**PROVIDED MATERIAL:**
# # #
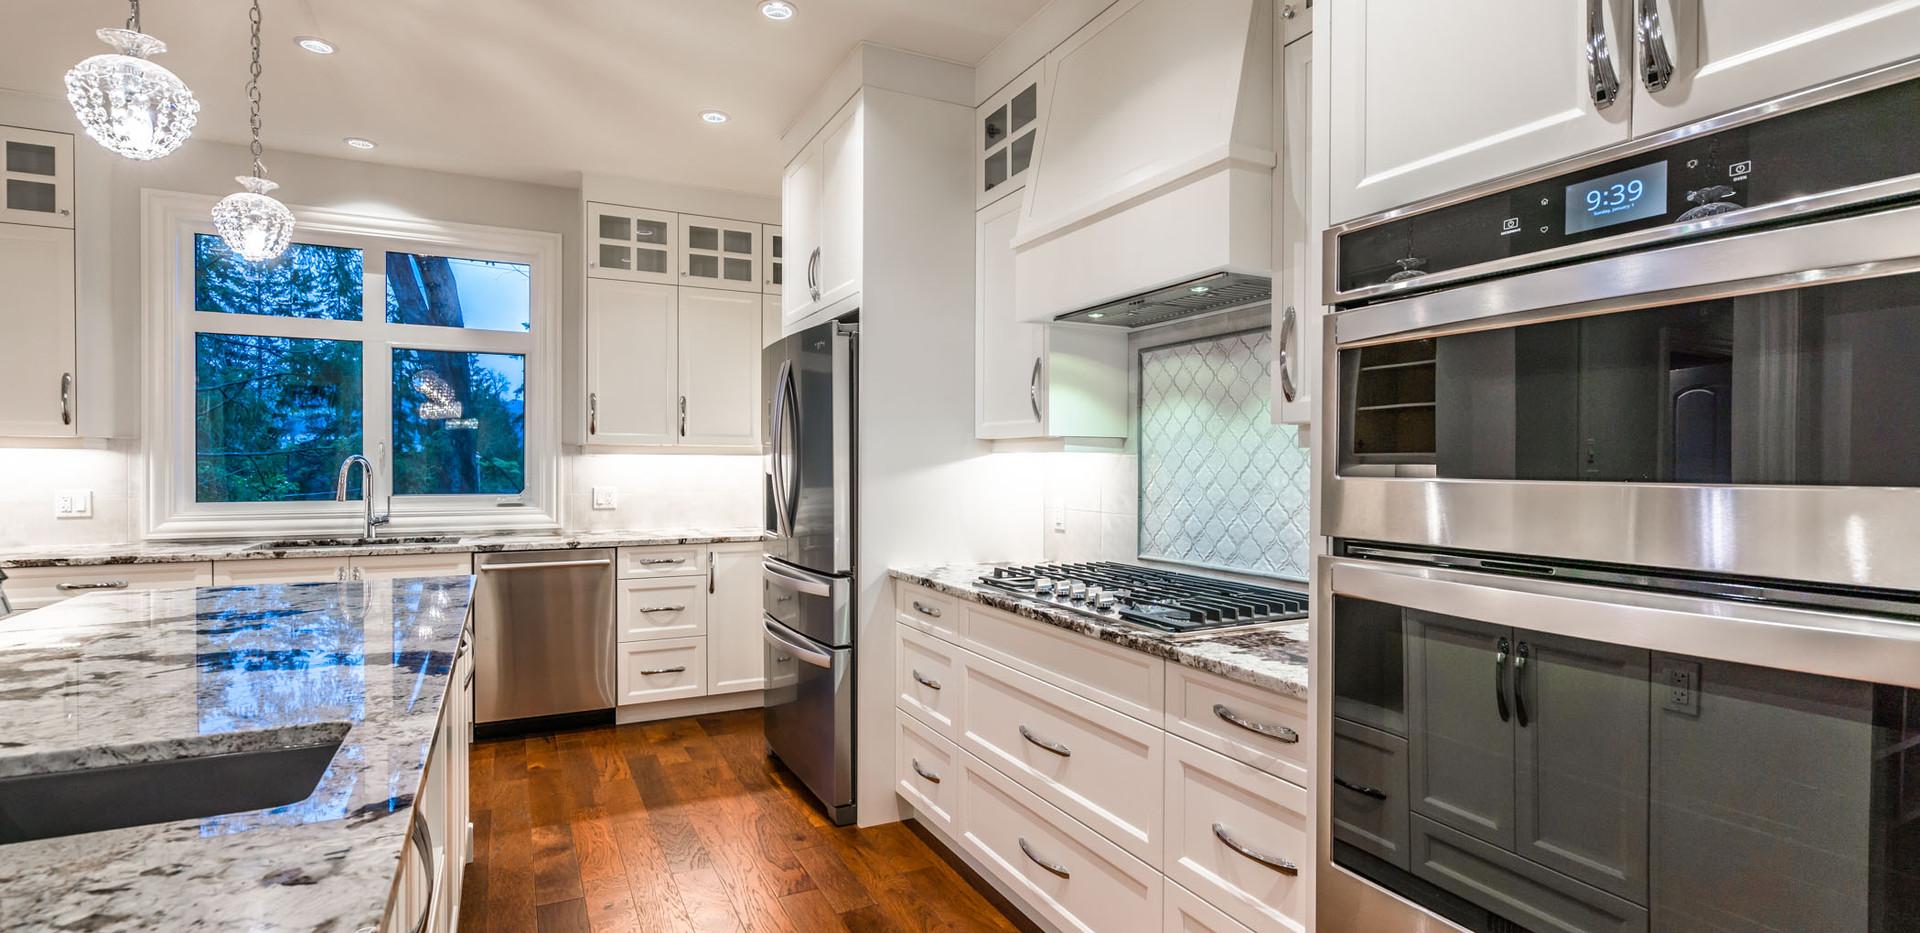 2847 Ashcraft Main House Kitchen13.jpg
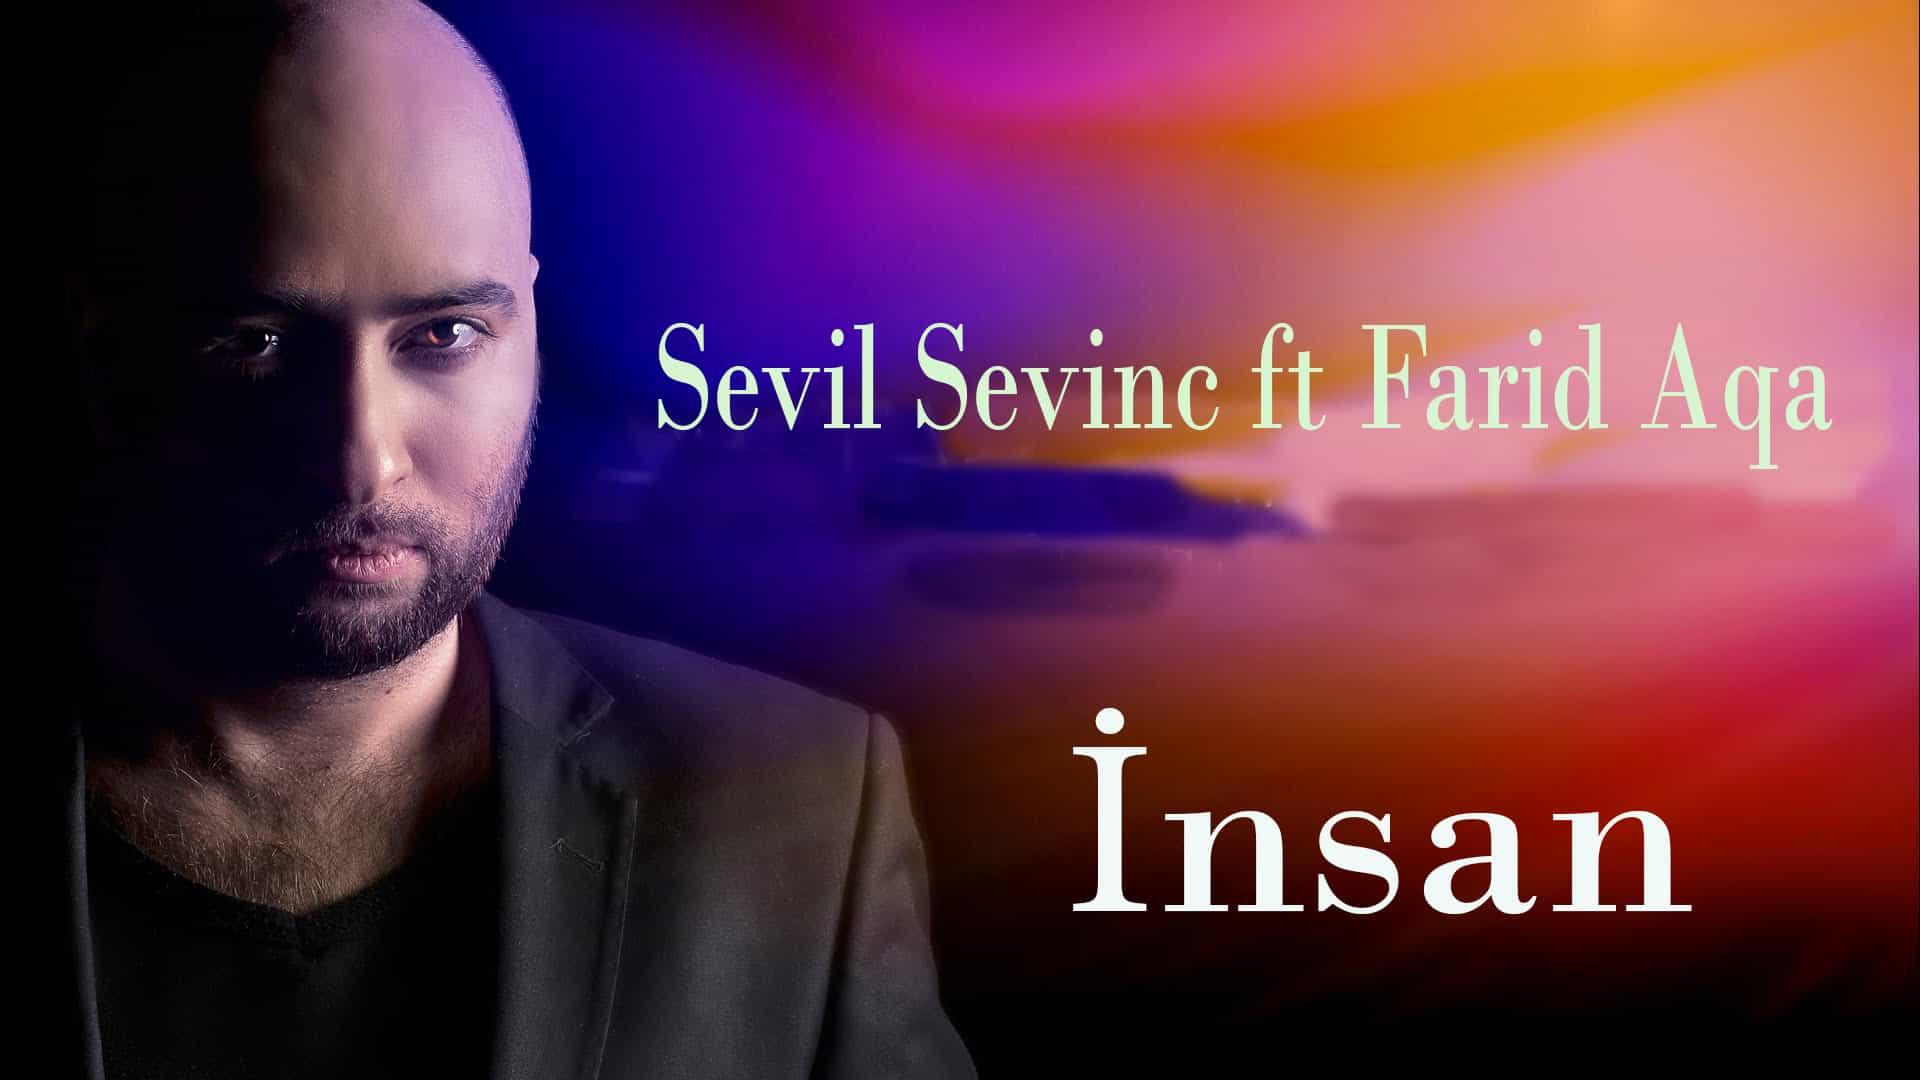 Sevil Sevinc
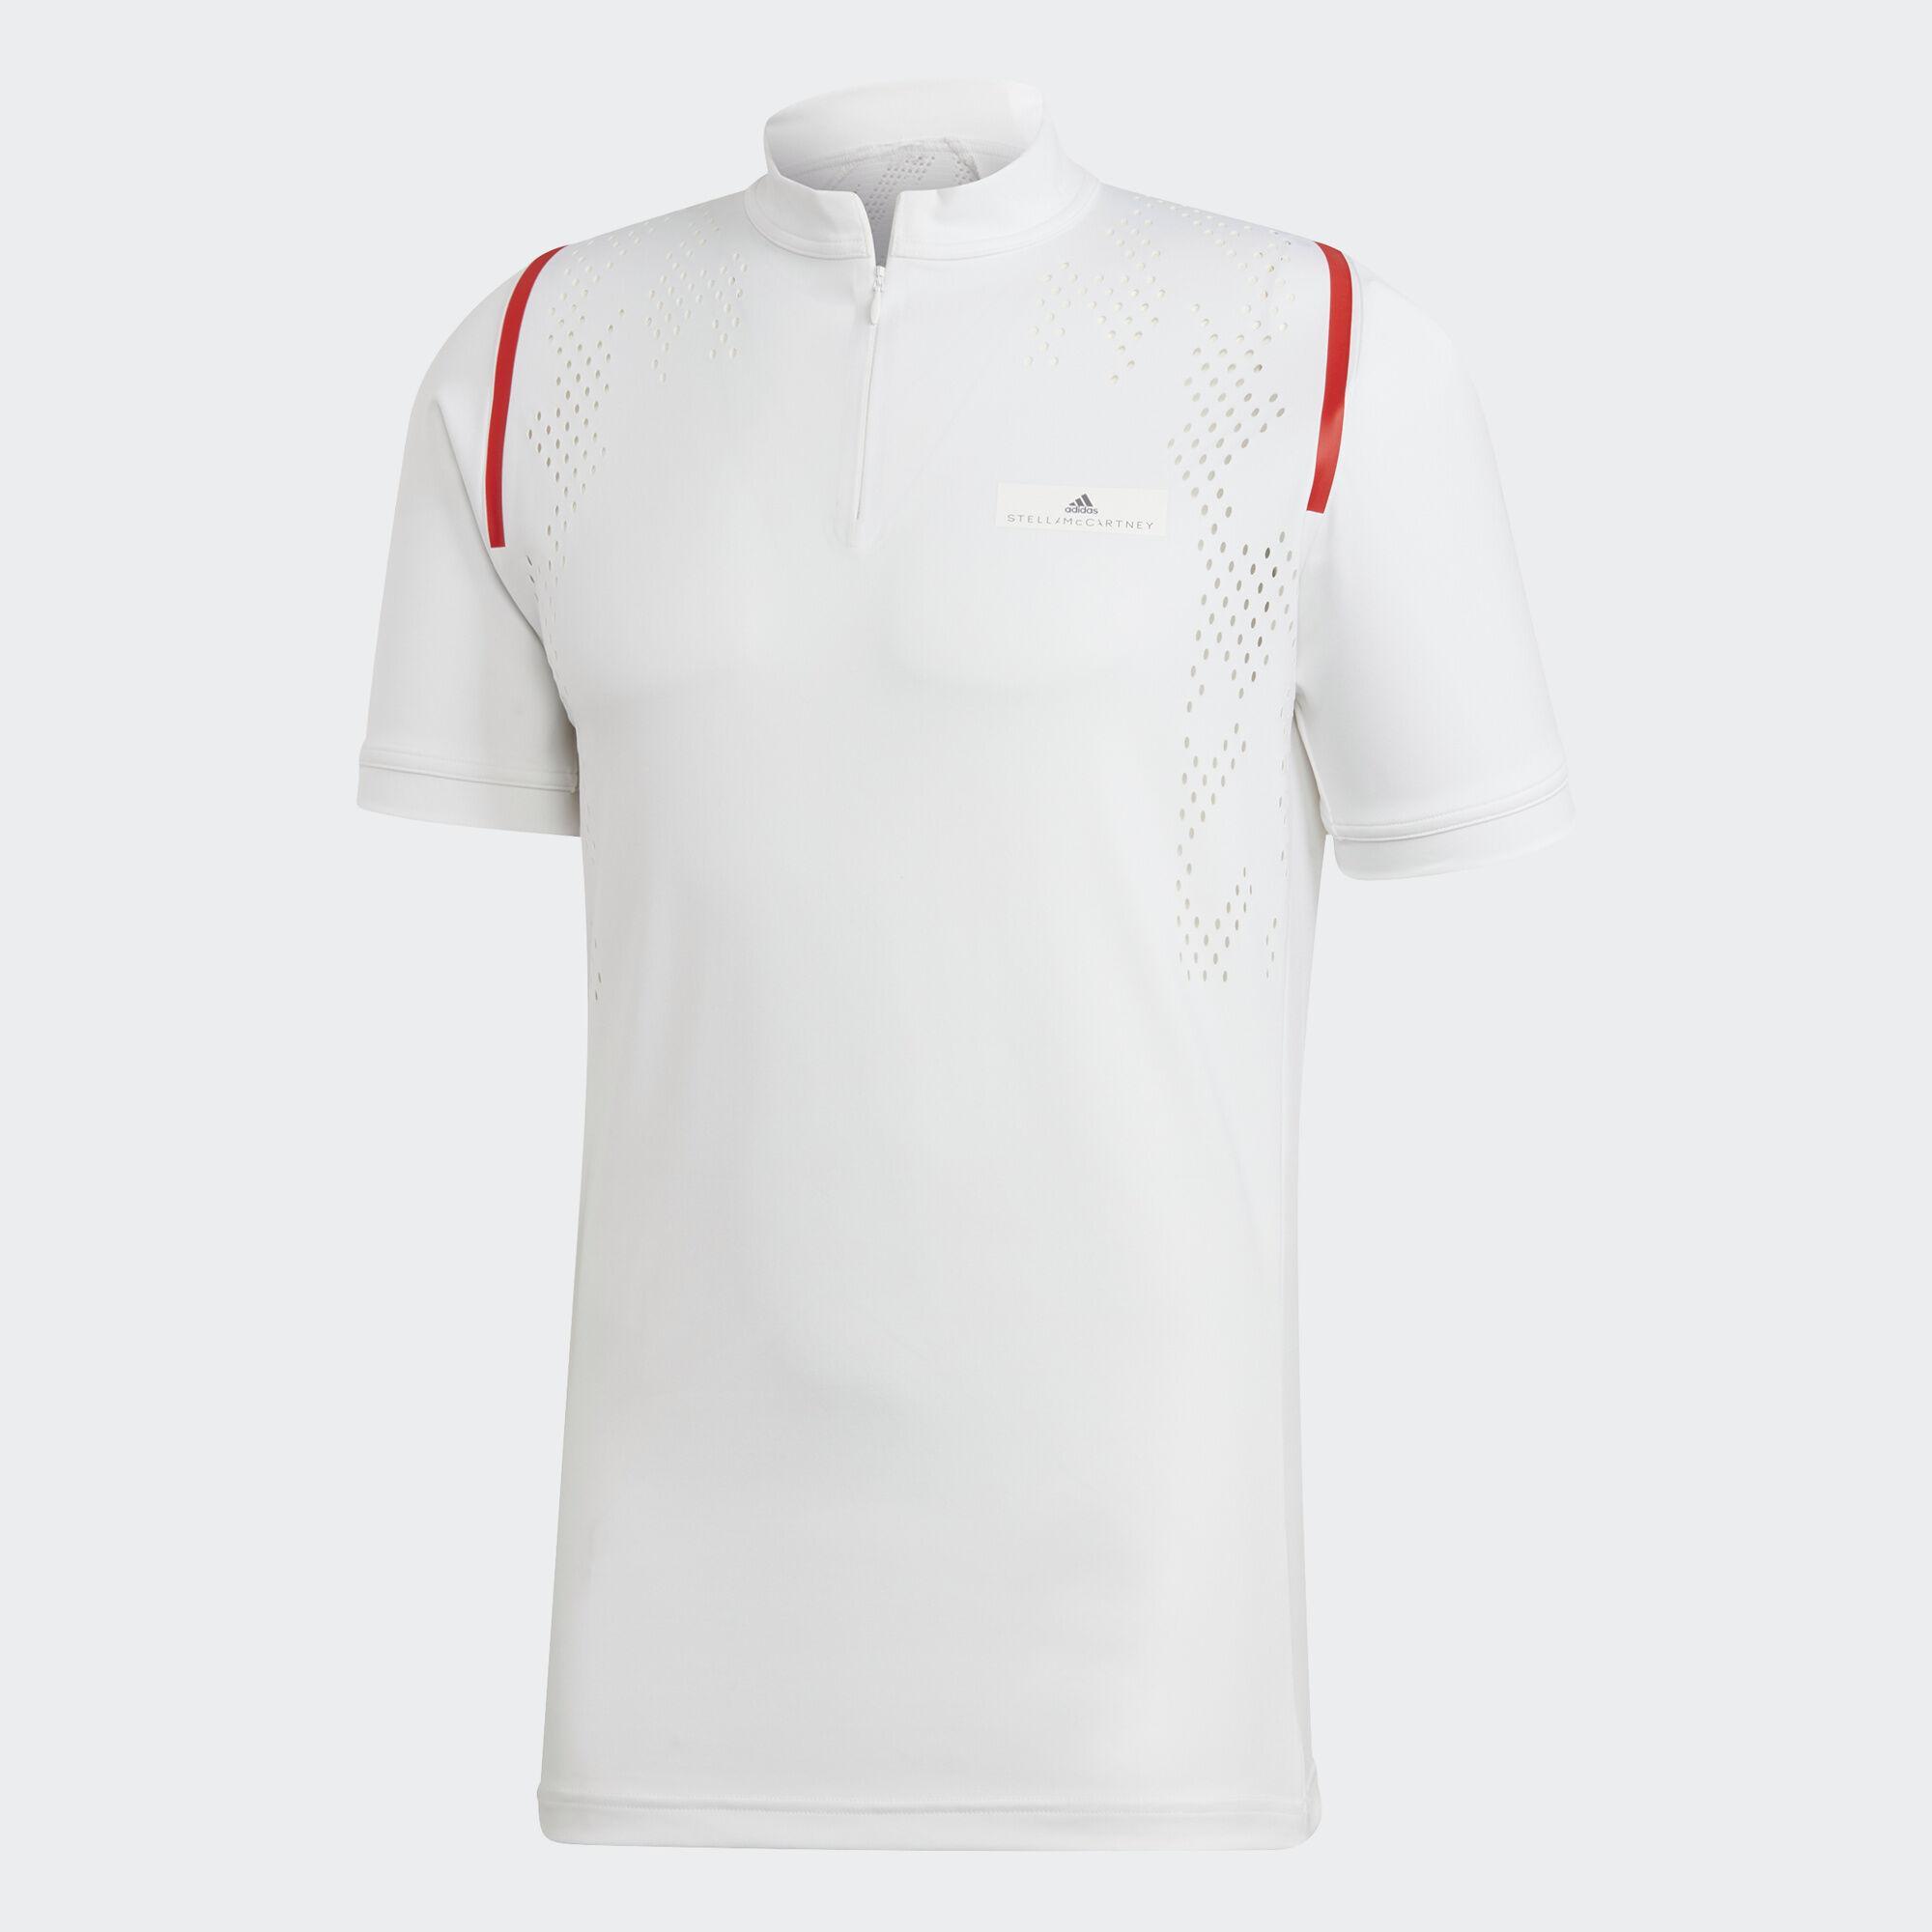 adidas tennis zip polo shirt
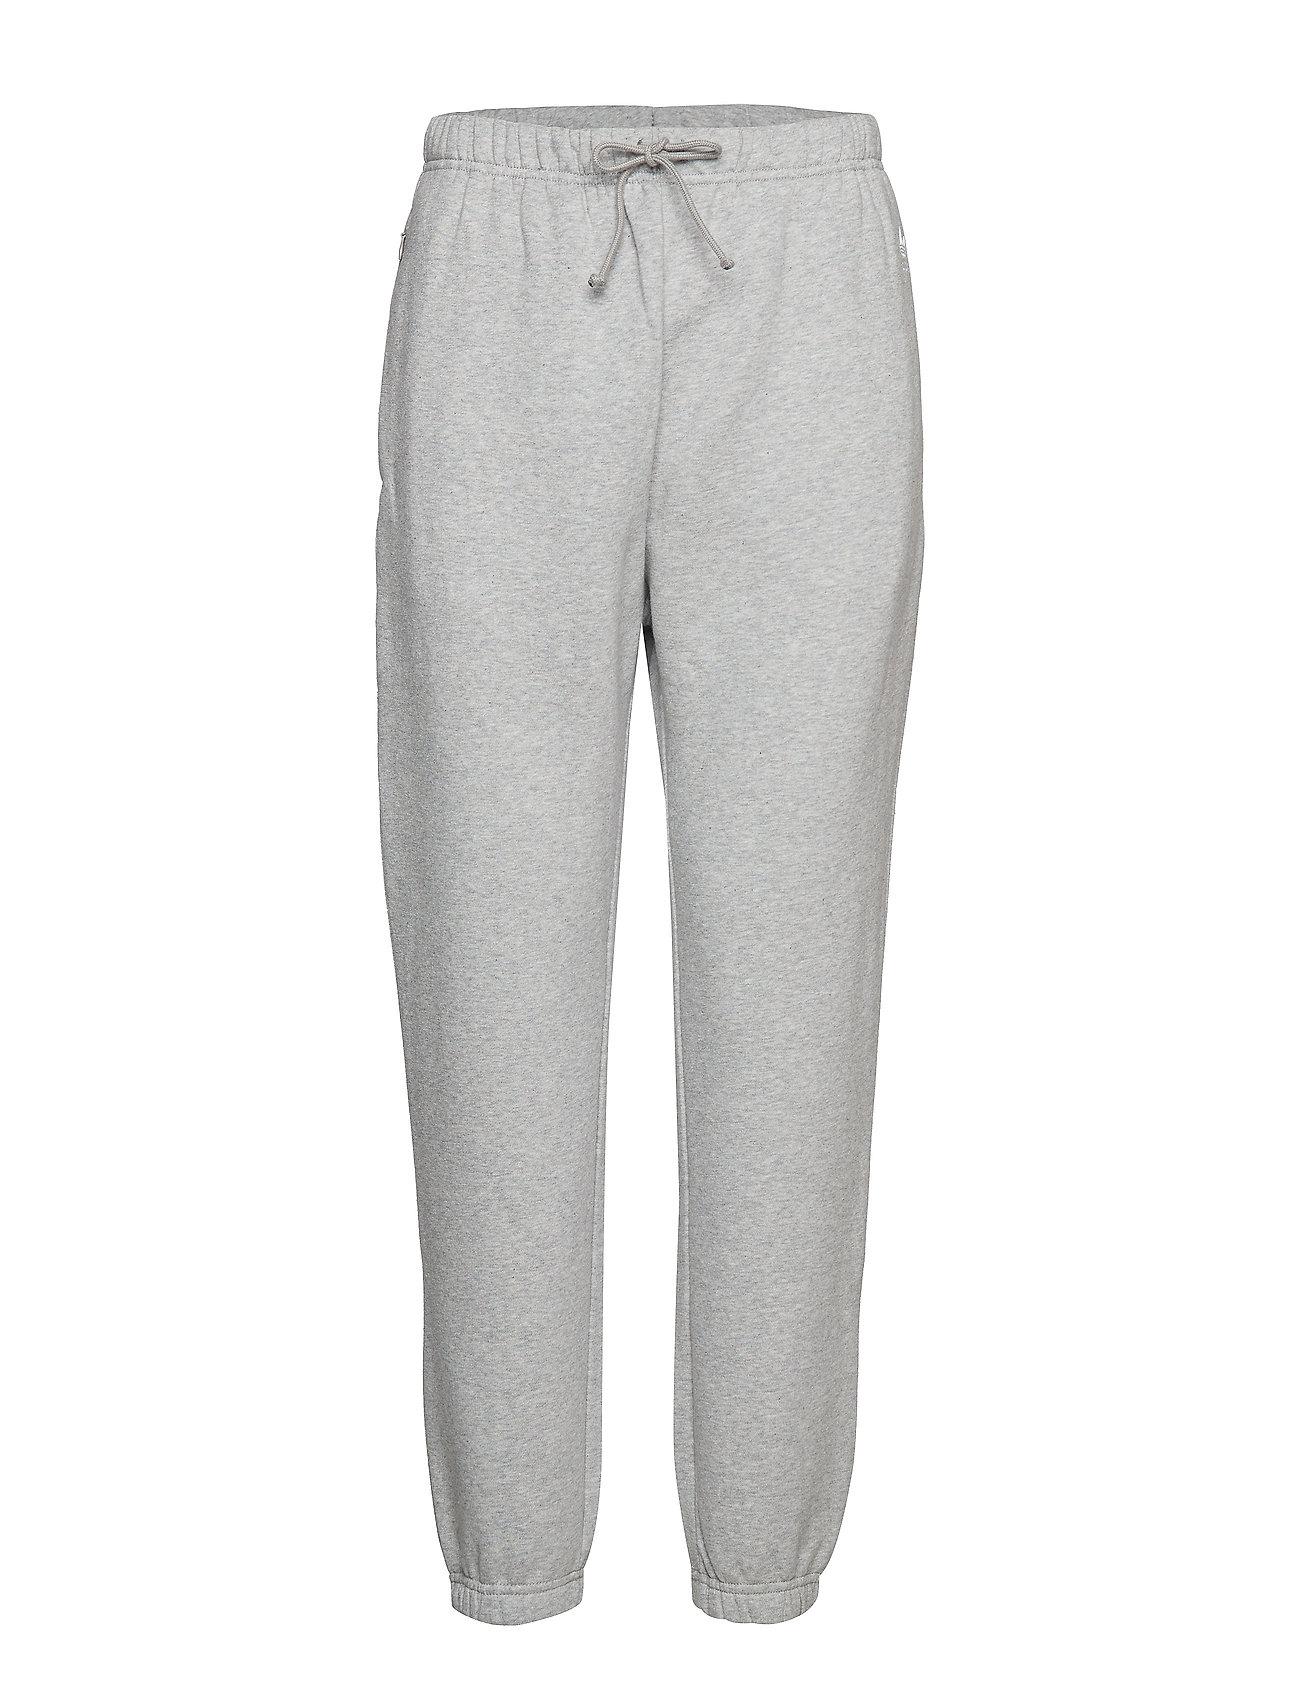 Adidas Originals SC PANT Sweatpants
# # #
**WORK REQUEST:** Leave out the pictures, and retype exactly the lines from the one containing "adidas tennis zip polo shirt" through the last line of the data above, no more and no less.

**RESPONSE TO THIS EXERCISE:**
 adidas tennis zip polo shirt
 Adidas Originals SC PANT Sweatpants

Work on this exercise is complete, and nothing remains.